A translation dictionary is an optional feature which allows the user to map original column names into common names that can be more useful for analysis. A translation dictionary can also be used to group columns with similar properties into a single variable. Using grouped variables, Pecos can run a signal set of quality control tests on the group.

Each entry in a translation dictionary is a key:value pair where ‘key’ is the common name of the data and ‘value’ is a list of original column names in the DataFrame. For example, {temp: [temp1,temp2]} means that columns named ‘temp1’ and ‘temp2’ in the DataFrame are assigned to the common name ‘temp’ in Pecos. In the Simple example, the following translation dictionary is used to group columns ‘C’ and ‘D’ to ‘Wave’.

>>> trans = {'Wave': ['C','D']}

The translation dictionary can then be added to the PerformanceMonitoring object.

>>> pm.add_translation_dictionary(trans)

As with DataFrames, multiple translation dictionaries can be added to the PerformanceMonitoring object.
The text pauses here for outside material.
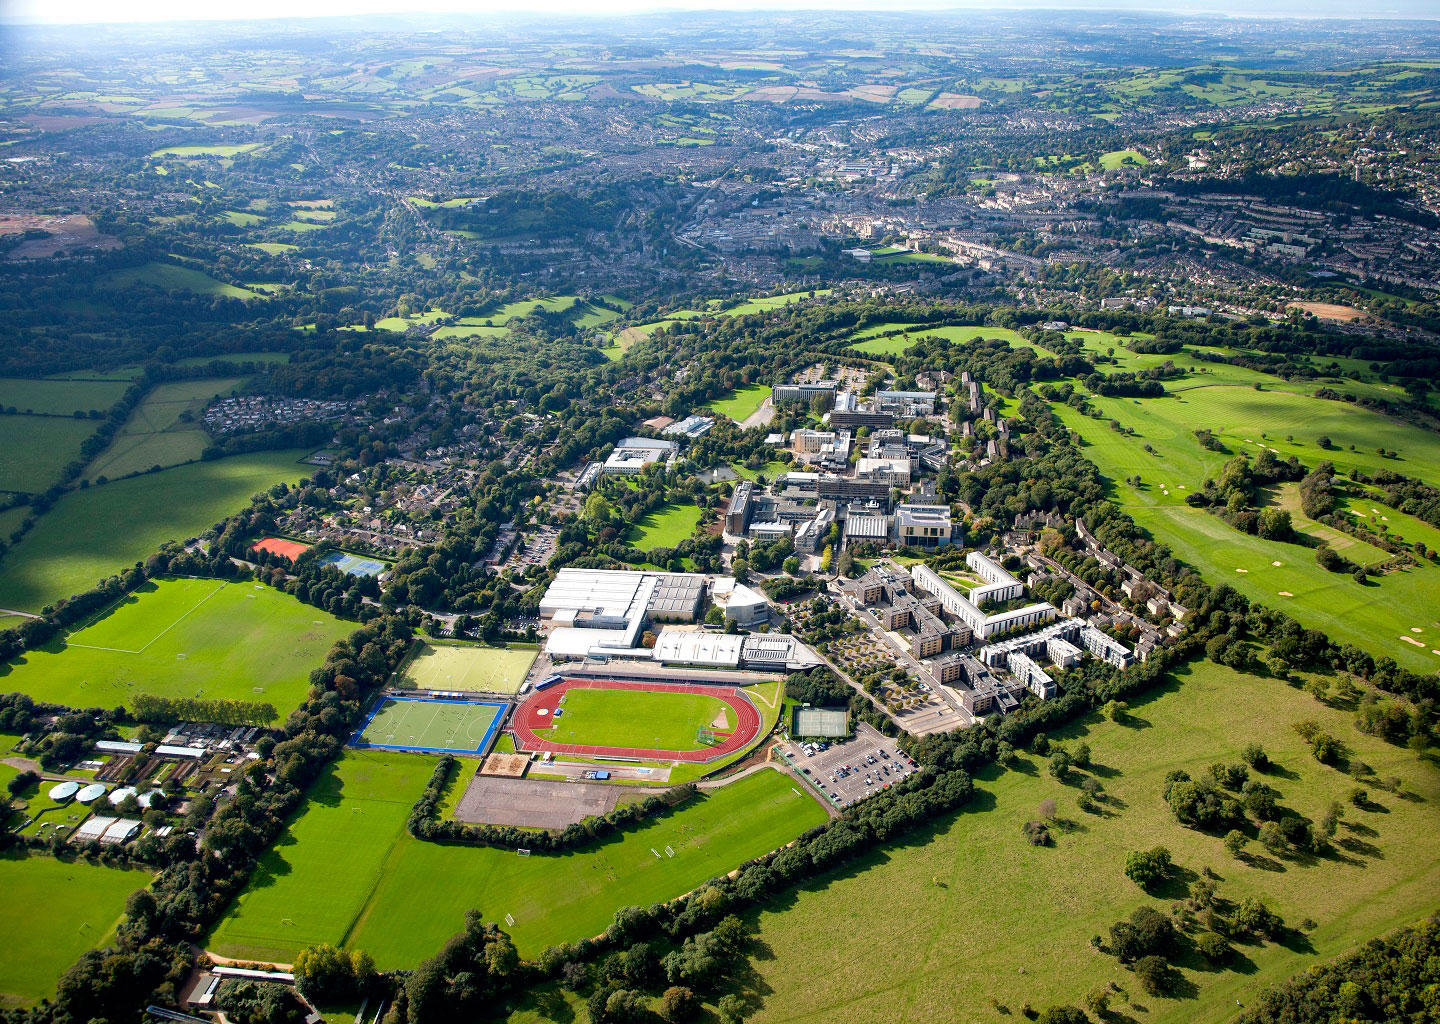 University of Bath, UK Ranking, Reviews, Courses, Tuition Fees
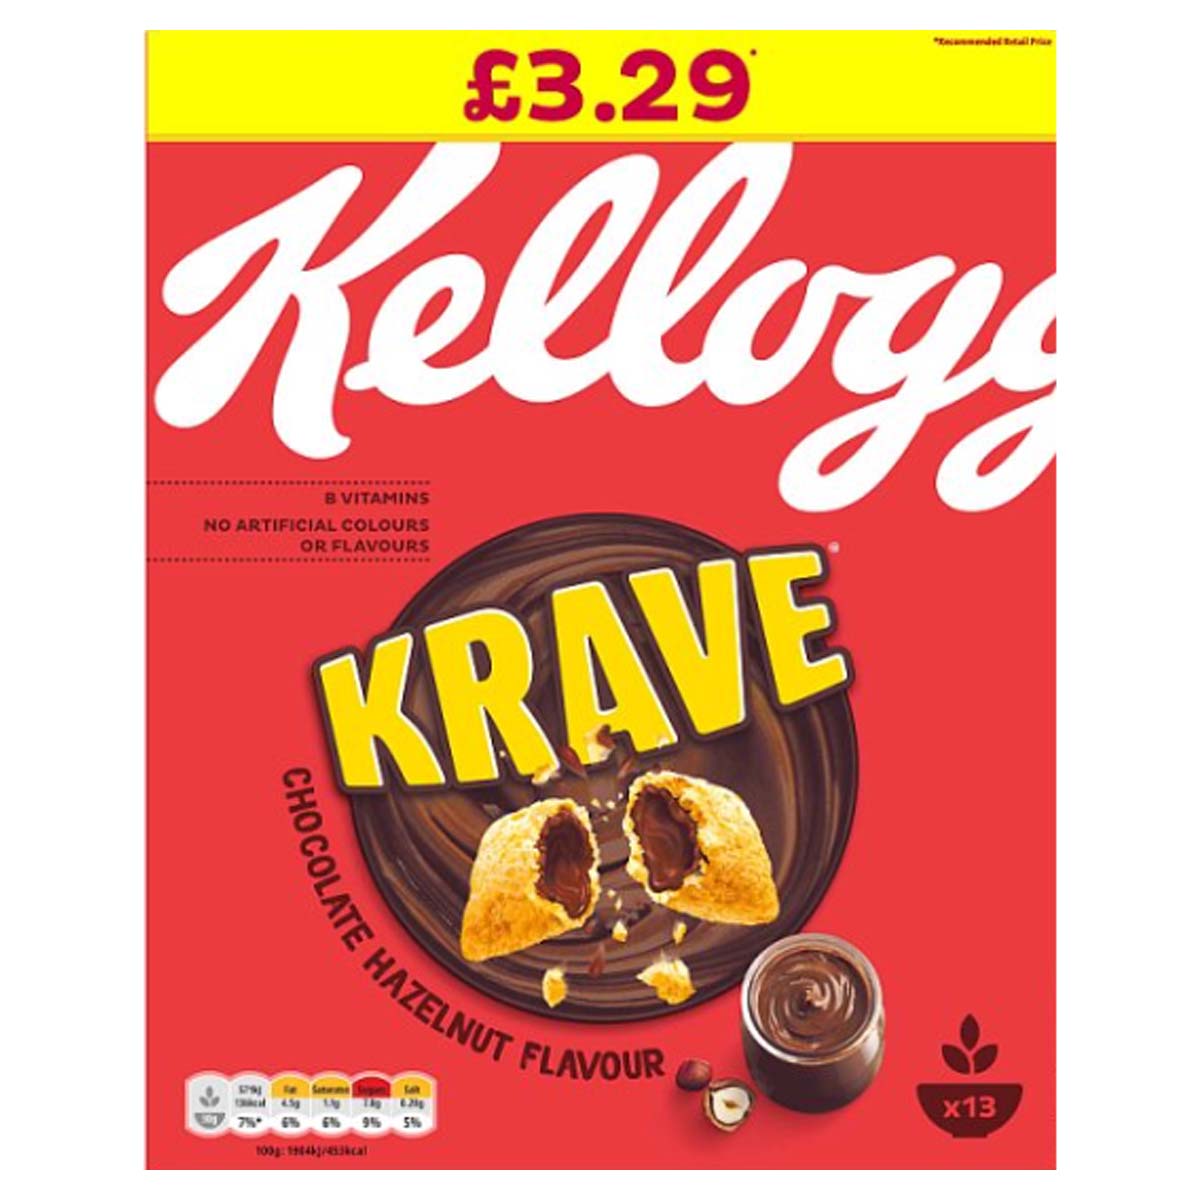 Kellogg's - Krave Chocolate Hazelnut Flavour Cereal - 410g - Continental Food Store

New dictionaries override existing keys in the translation dictionary.

Keys defined in the translation dictionary can be used in quality control tests, for example,

>>> pm.check_range([-1,1], 'Wave')

runs a check range test on columns ‘C’ and ‘D’.

Inside Pecos, the translation dictionary is used to index into the DataFrame, for example,

>>> pm.df[pm.trans['Wave']] 

returns columns ‘C’ and ‘D’ from the DataFrame.